## TASK DIRECTIONS
In the entries below, find the line containing "Vintage 1968 Fun" and the line containing "San Francisco, California". Copy those two lines and everything between them exactly, and only that.

## SUPPLIED DATA
—————

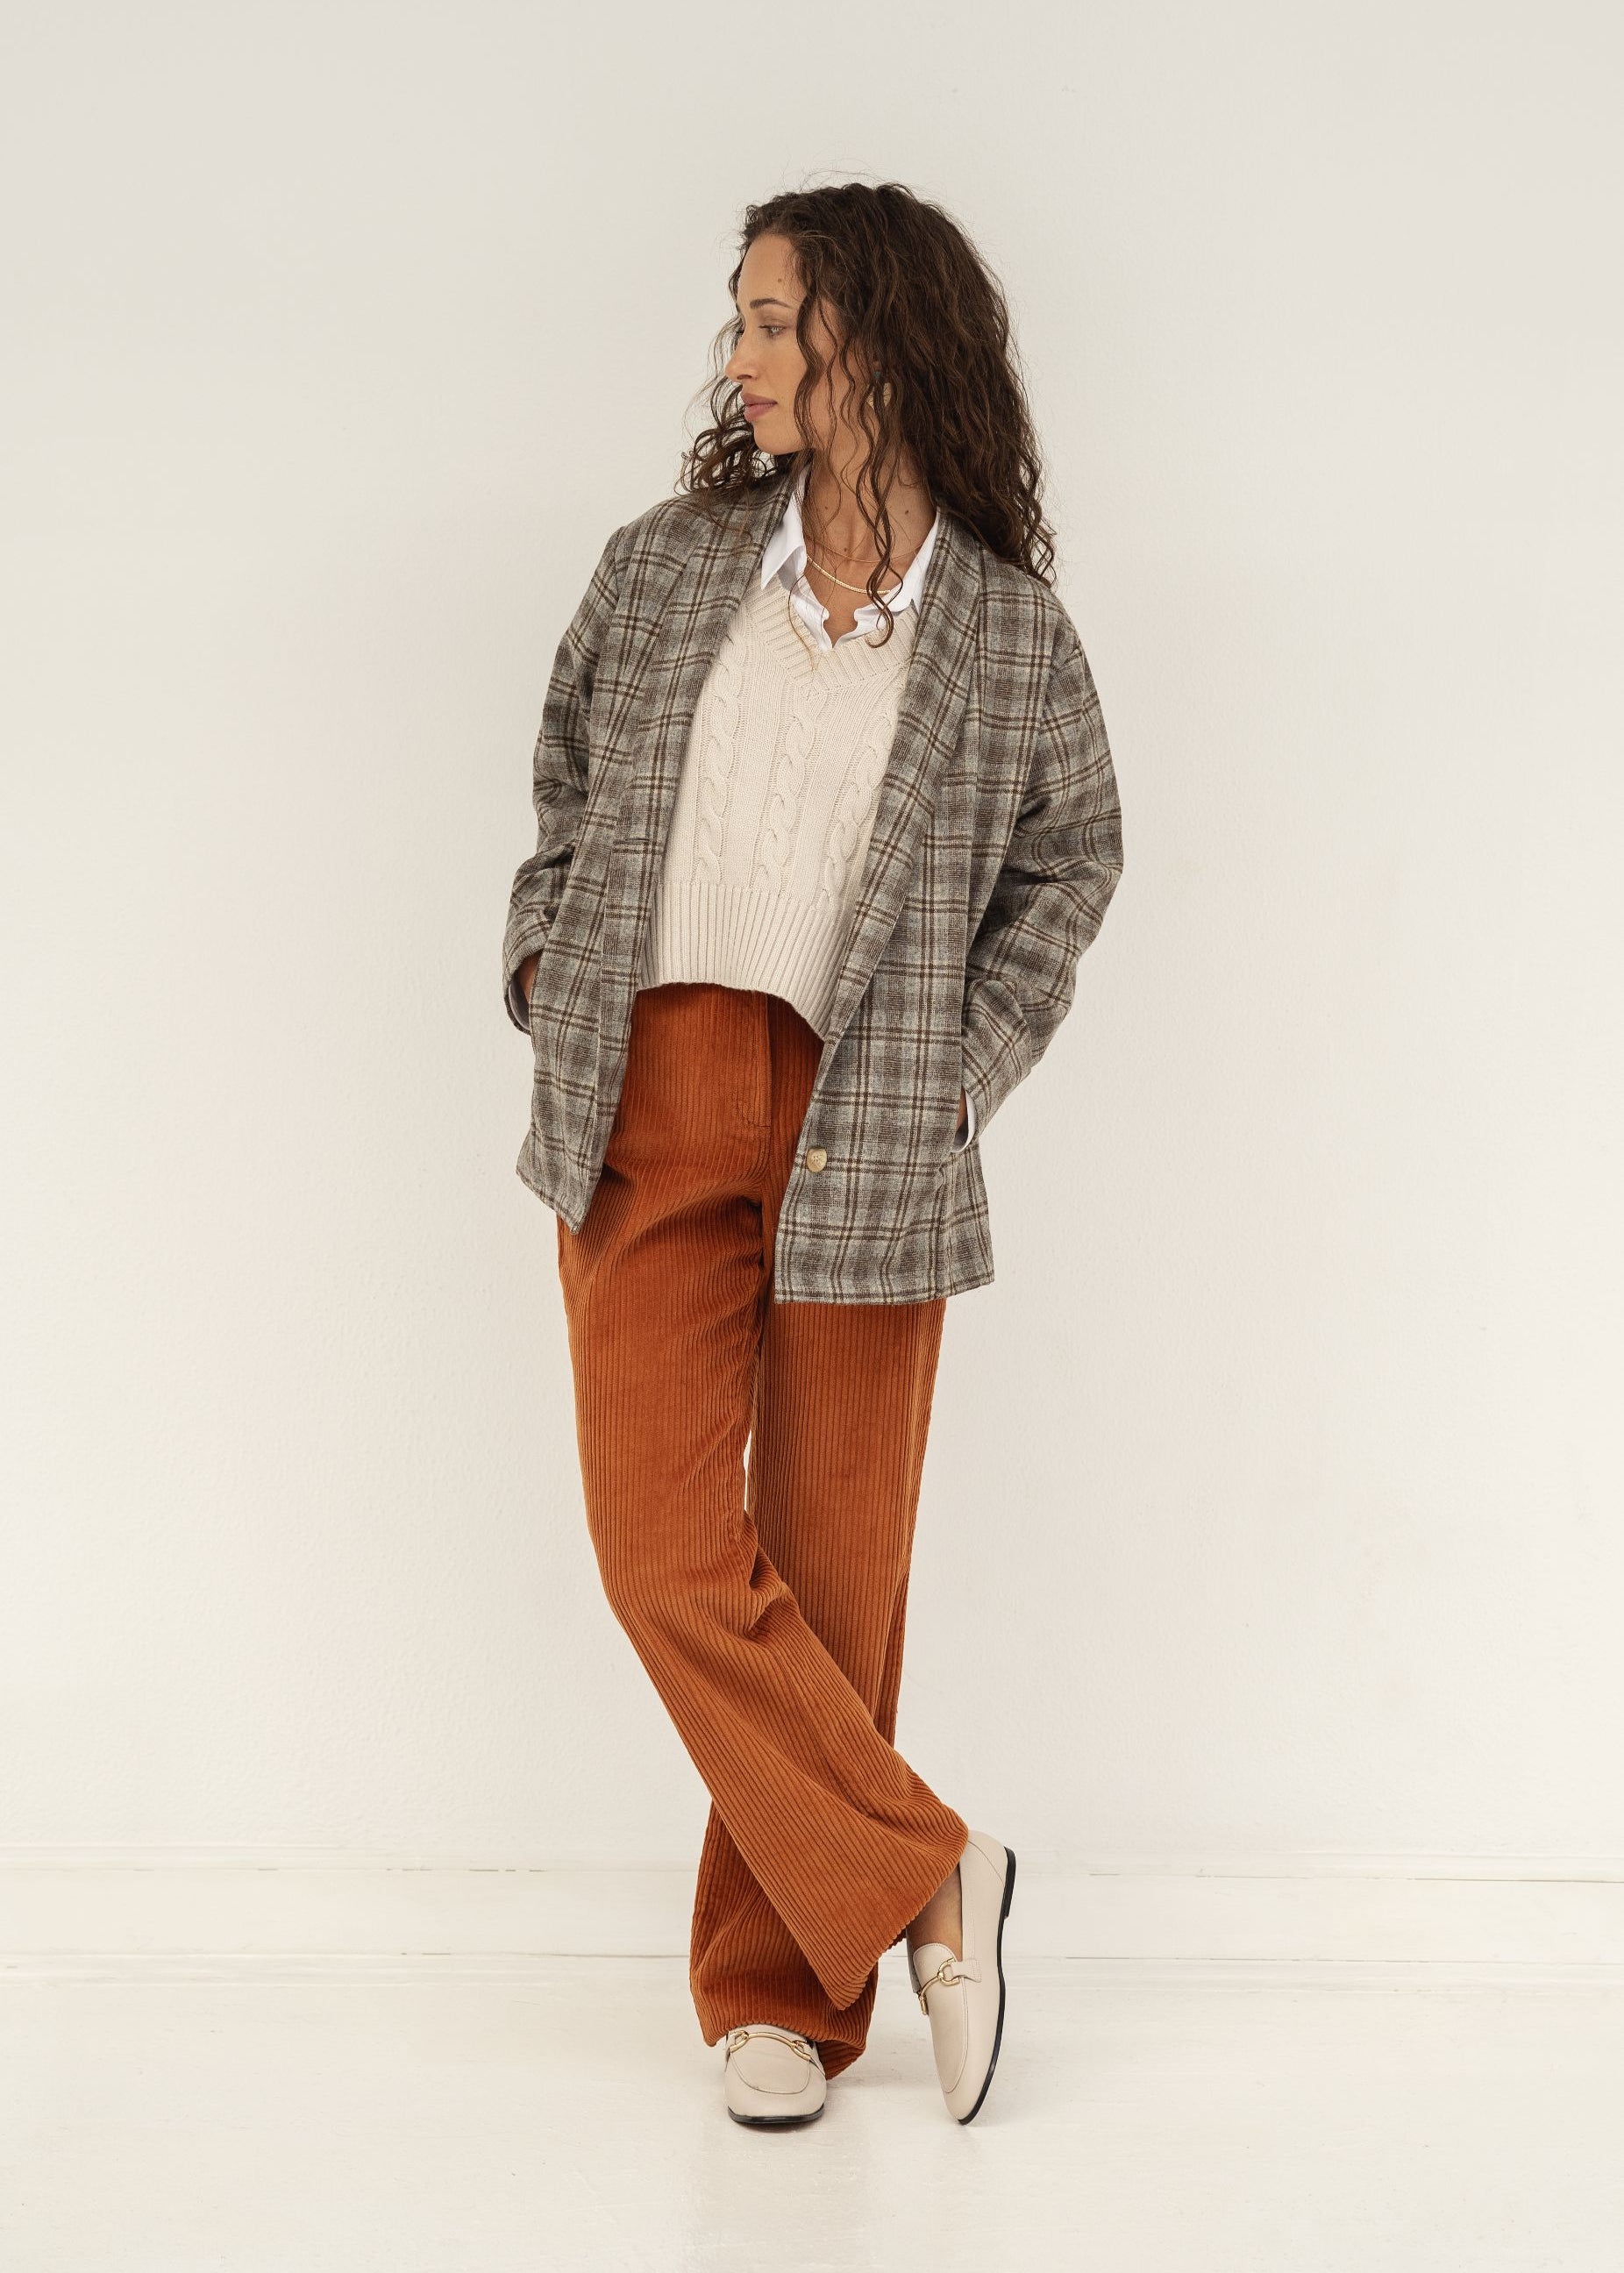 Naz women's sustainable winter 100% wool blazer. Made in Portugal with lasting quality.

—————

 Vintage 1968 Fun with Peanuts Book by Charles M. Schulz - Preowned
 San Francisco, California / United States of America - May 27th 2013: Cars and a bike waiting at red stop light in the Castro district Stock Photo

—————

## OUTPUT OF THE EXERCISE
 Vintage 1968 Fun with Peanuts Book by Charles M. Schulz - Preowned
 San Francisco, California / United States of America - May 27th 2013: Cars and a bike waiting at red stop light in the Castro district Stock Photo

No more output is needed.